Вот к какому человеку, предавшему уже по очереди одного короля и трех гетманов, ехал на совет Шереметев.
«Хорошо еще, что в Батурине стоит полк московских стрельцов», — размышлял Борис Петрович, Направляясь в гетманскую резиденцию.
Однако же у ворот во двор резиденции боярина остановили толсторожие здоровые сердюки из личной охраны Мазепы.

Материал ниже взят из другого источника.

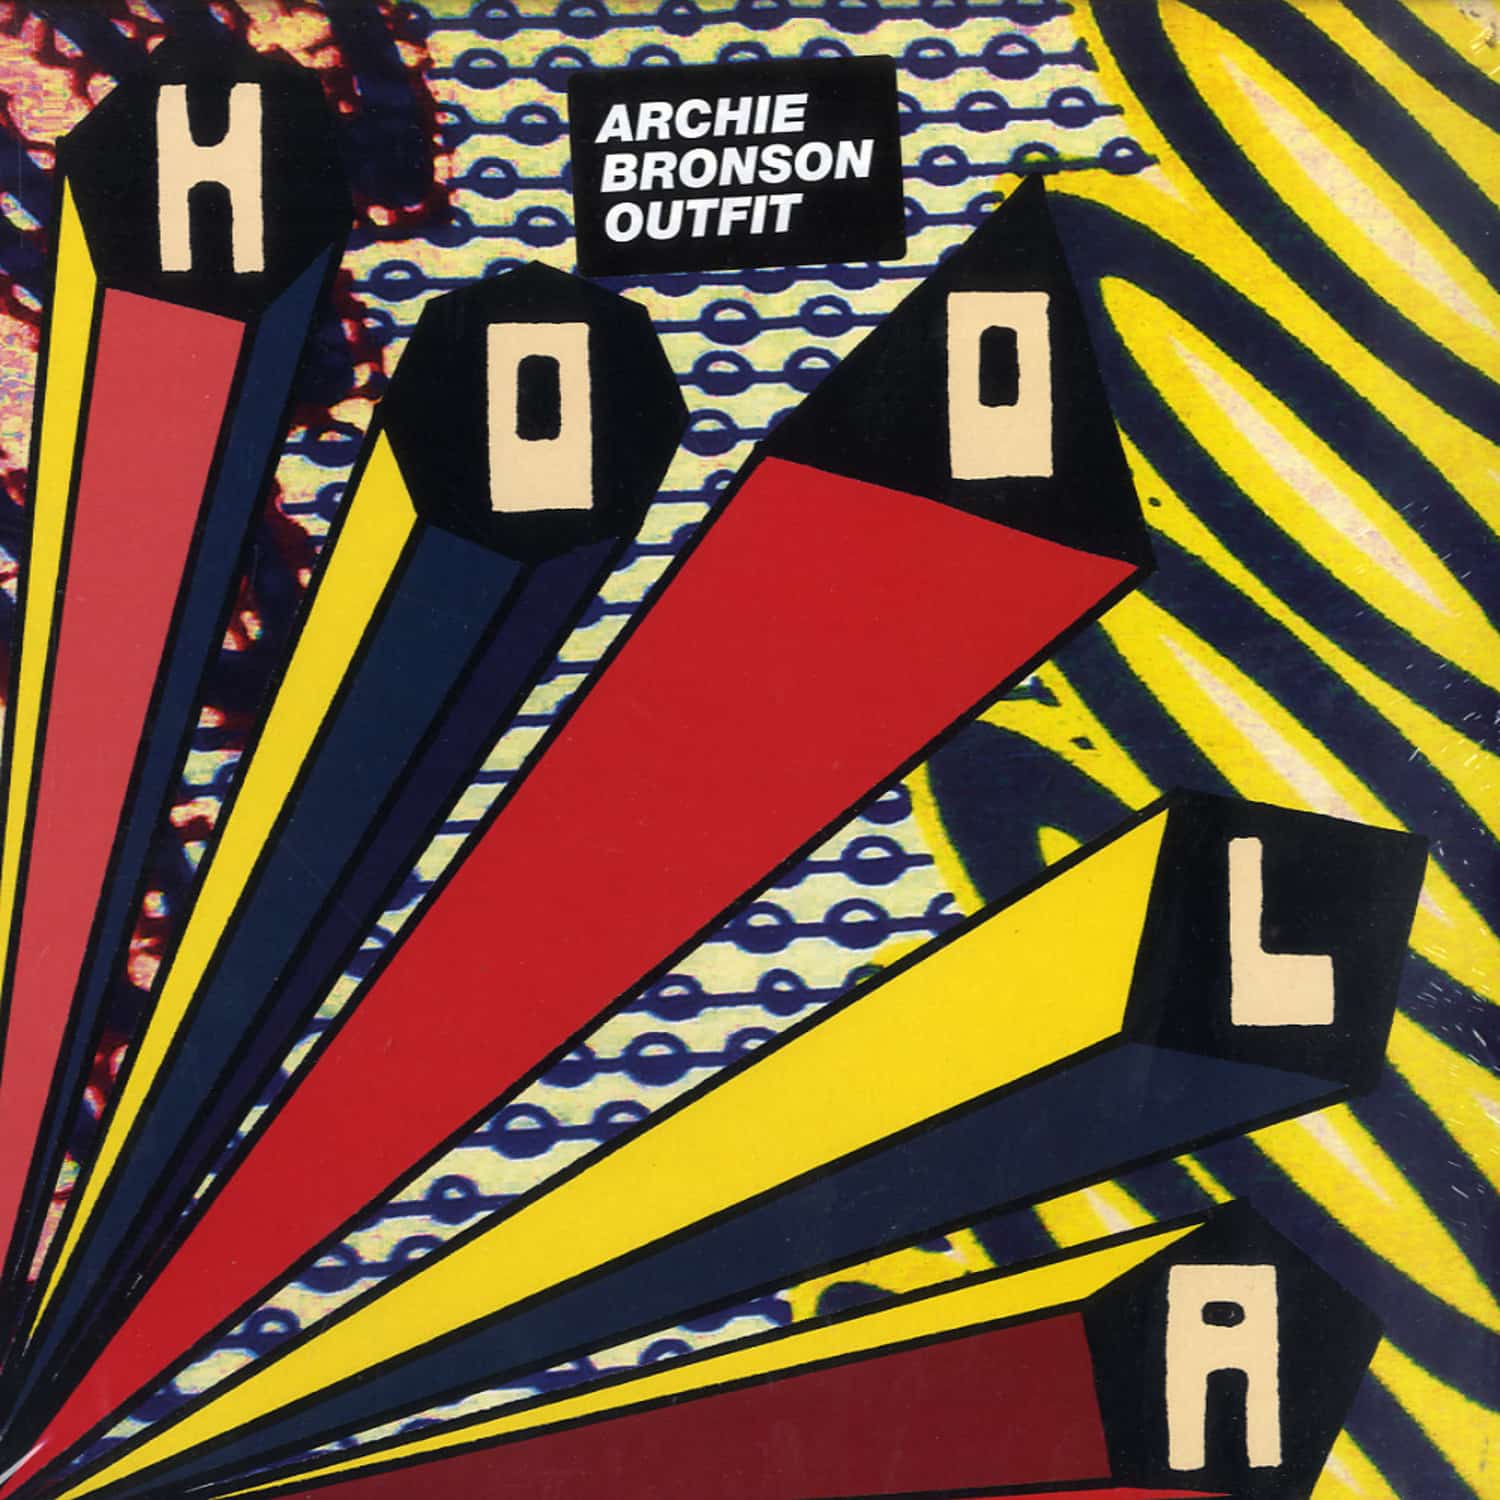 Archie Bronson Outfit - HOOLA / MCDE & 6TH BOROUGH PROJECT REMIX

Борис Петрович у себя в Белграде был уже наслышан об этой гвардии гетмана, набираемой из всякого воинского сброда, промышлявшего на дорогах войны. Тут были и немецкие ландскнехты, и трансильванские мадьяры, но более всего было разорившейся польской шляхты. Ведь в глубине души и сам Иван Мазепа Все еще считал себя Яном Мазепой, и потаенной мечтой гетмана и близкой к нему старшины было жить по примеру великородного польского панства — Потоцких и Вишневецких, Сапег и Радзивиллов. И год от года Мазепа заводил польские порядки на гетманщине: раздавал щедрые маетности близкой старшине, обращая не только посполитых, но и вольных казаков в холопы самозваного панства, отдавая шинкарям-евреям в аренду весь винный откуп, тайно покровительствуя униатам и отцам иезуитам.
До Москвы о том доходили только слухи, в Белгороде Шереметев ведал о делах гетмана куда больше. Но кому ему было жаловаться, если Мазепа был в такой чести у молодого царя.
«Не надежен, ох не надежен бывший покоевый короля Яна Казимира!» — размышлял Борис Петрович, вступали гетманские покои. В молодые годы, когда отец Шереметева сидел воеводой в Киеве да и ходил во время своего первого посольства в Речь Посполитую, боярину часто доводилось бывать в домах польской знати, и опытный взгляд сразу отметил, что убранство гетманских покоев ничем не отличалось от дворцов Потоцких и Любомирских: шелковые драпри на окнах, дорогие французские гобелены на стенах, персидские ковры на полу. Только вот в святом углу висят православные иконы, а не деревянные католические распятия. «Но кто знает, может, за потайной дверцей кроется и униатская часовня!» — подумал Борис Петрович. Впрочем, боярин недаром побывал послом и у короля Яна Собесского, и у императора Леопольда. Шереметев был вежлив и обходителен и боярской спесью не наливался.